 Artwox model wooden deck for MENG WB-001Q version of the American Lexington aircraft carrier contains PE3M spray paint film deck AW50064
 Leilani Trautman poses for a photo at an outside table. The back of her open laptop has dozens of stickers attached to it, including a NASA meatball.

--

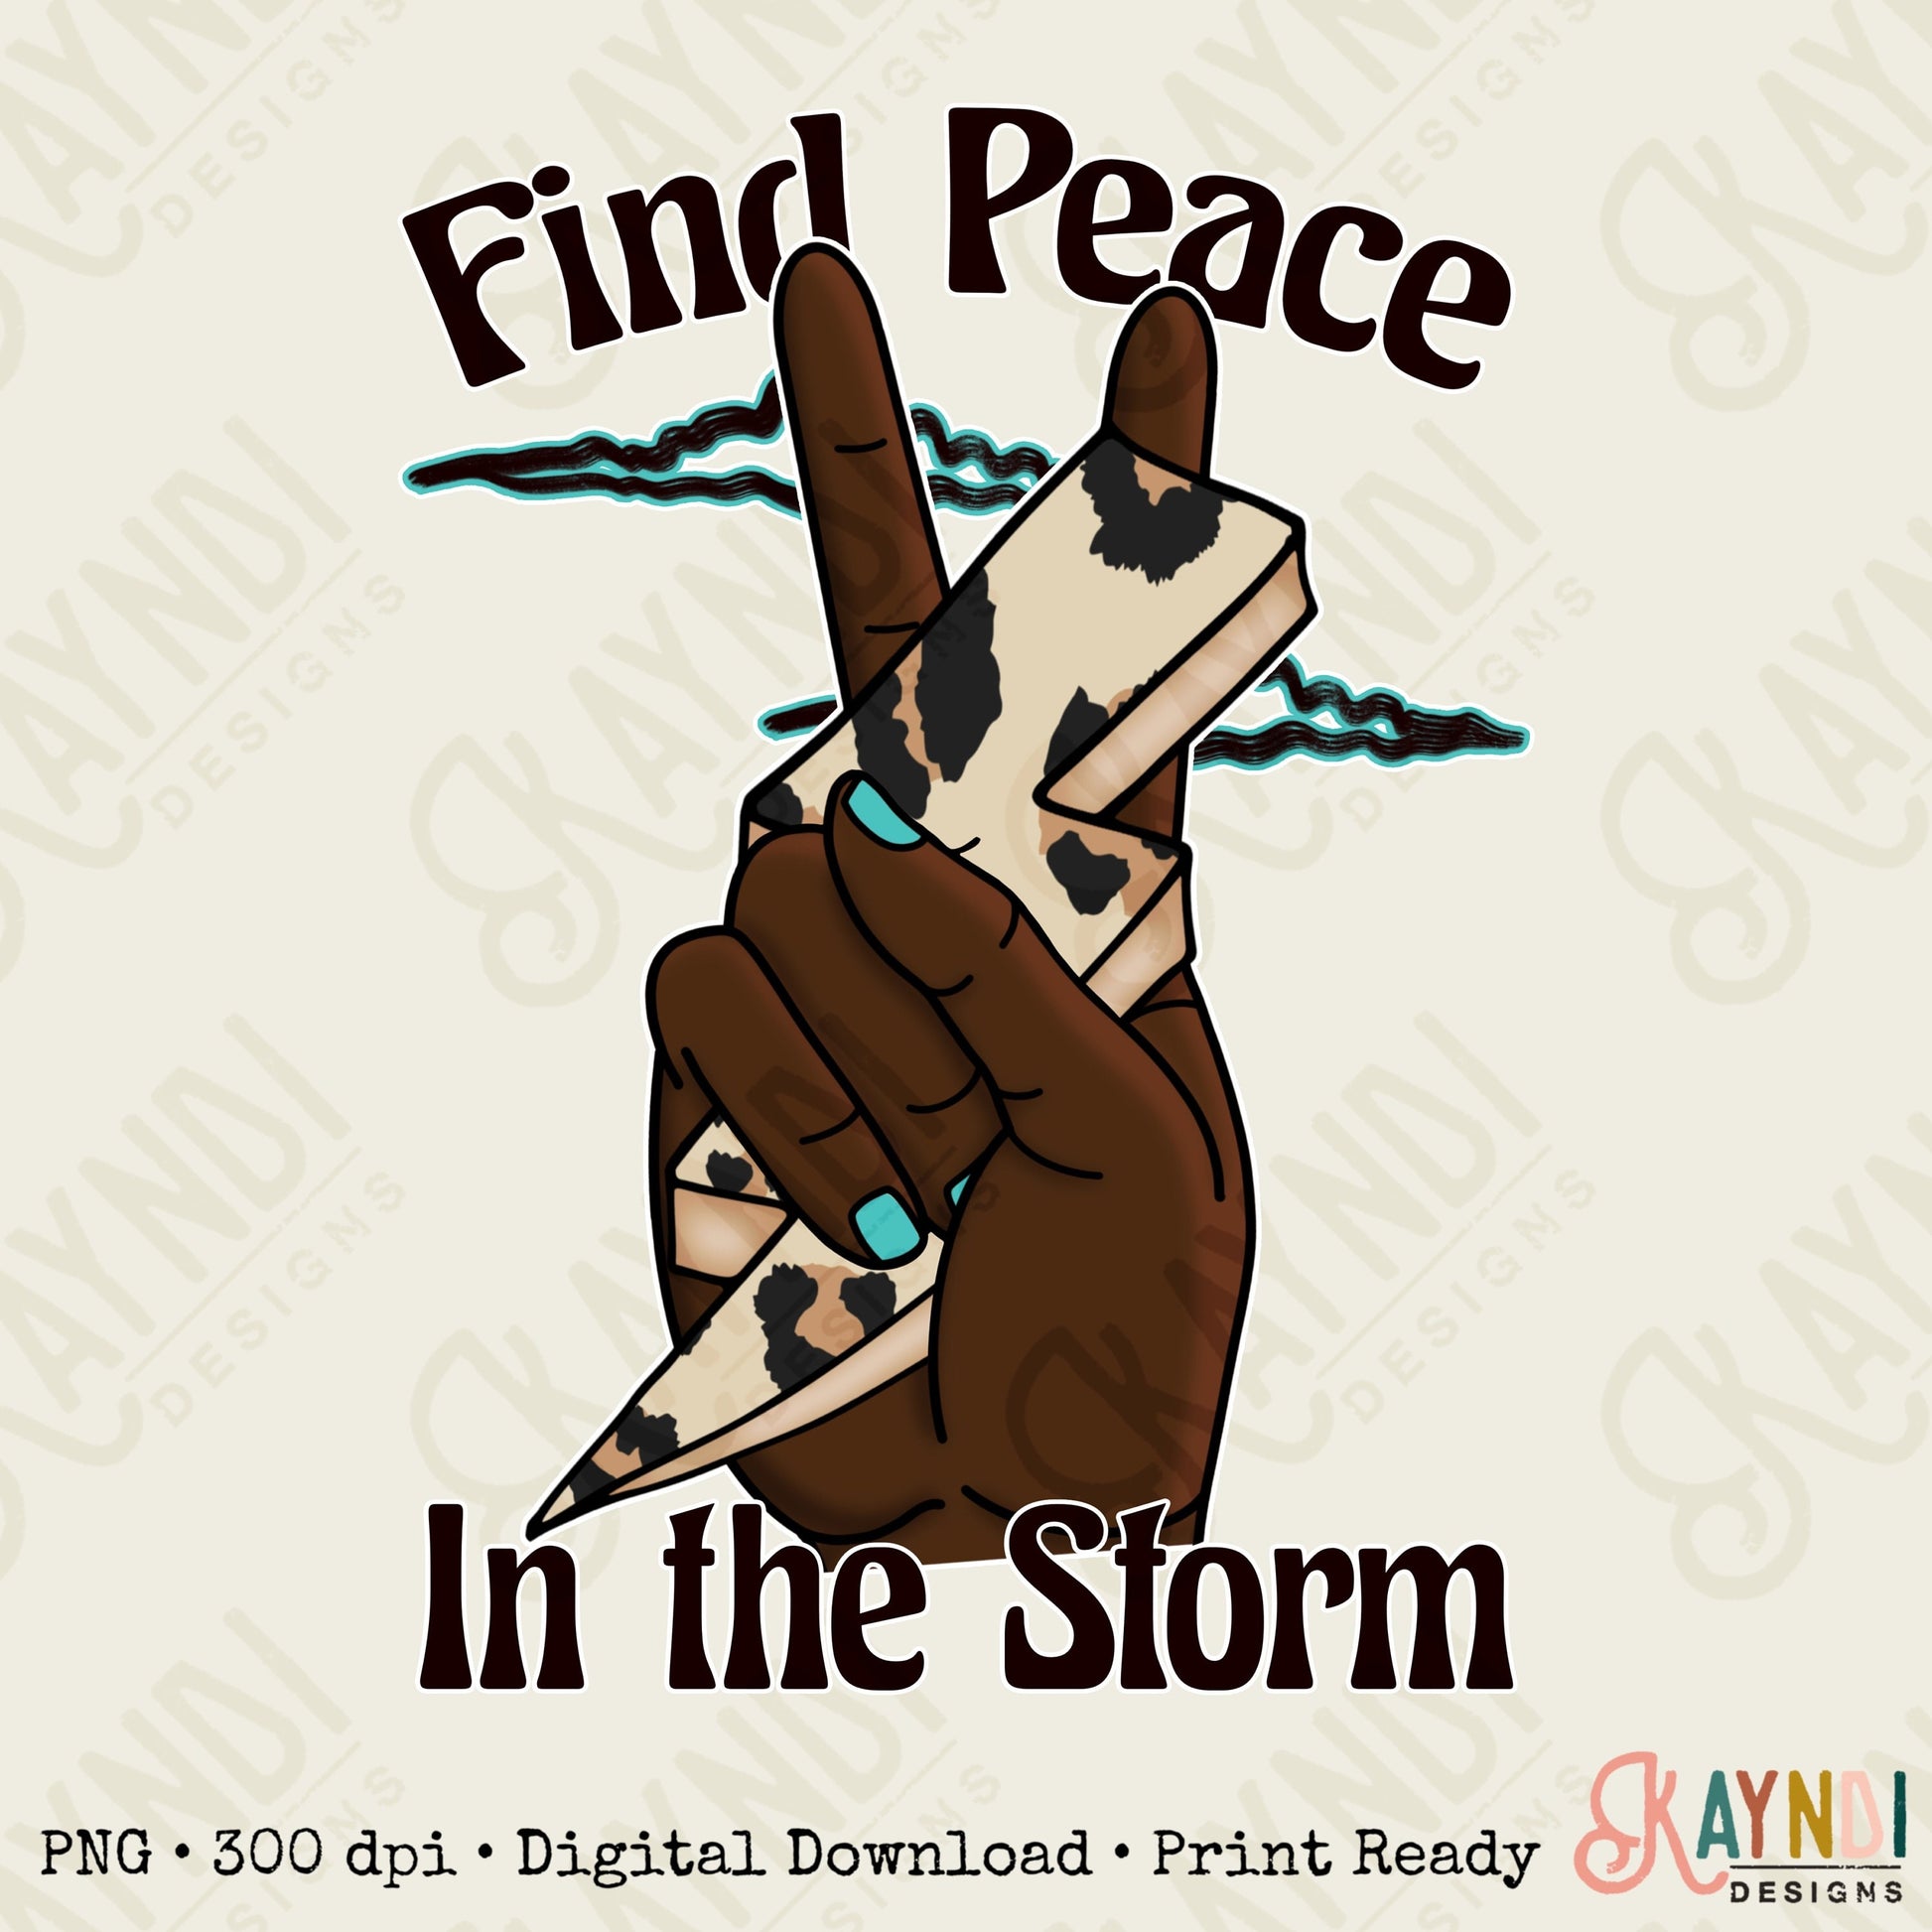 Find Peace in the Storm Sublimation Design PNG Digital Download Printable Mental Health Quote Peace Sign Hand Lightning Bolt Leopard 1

# TASK INSTRUCTIONS:
The required answer is the run of lines above, starting at the line with "Artwox model wooden" and ending at the line with "Leilani Trautman poses", reproduced exactly with both ends.

# EXERCISE SOLUTION:
 Artwox model wooden deck for MENG WB-001Q version of the American Lexington aircraft carrier contains PE3M spray paint film deck AW50064
 Leilani Trautman poses for a photo at an outside table. The back of her open laptop has dozens of stickers attached to it, including a NASA meatball.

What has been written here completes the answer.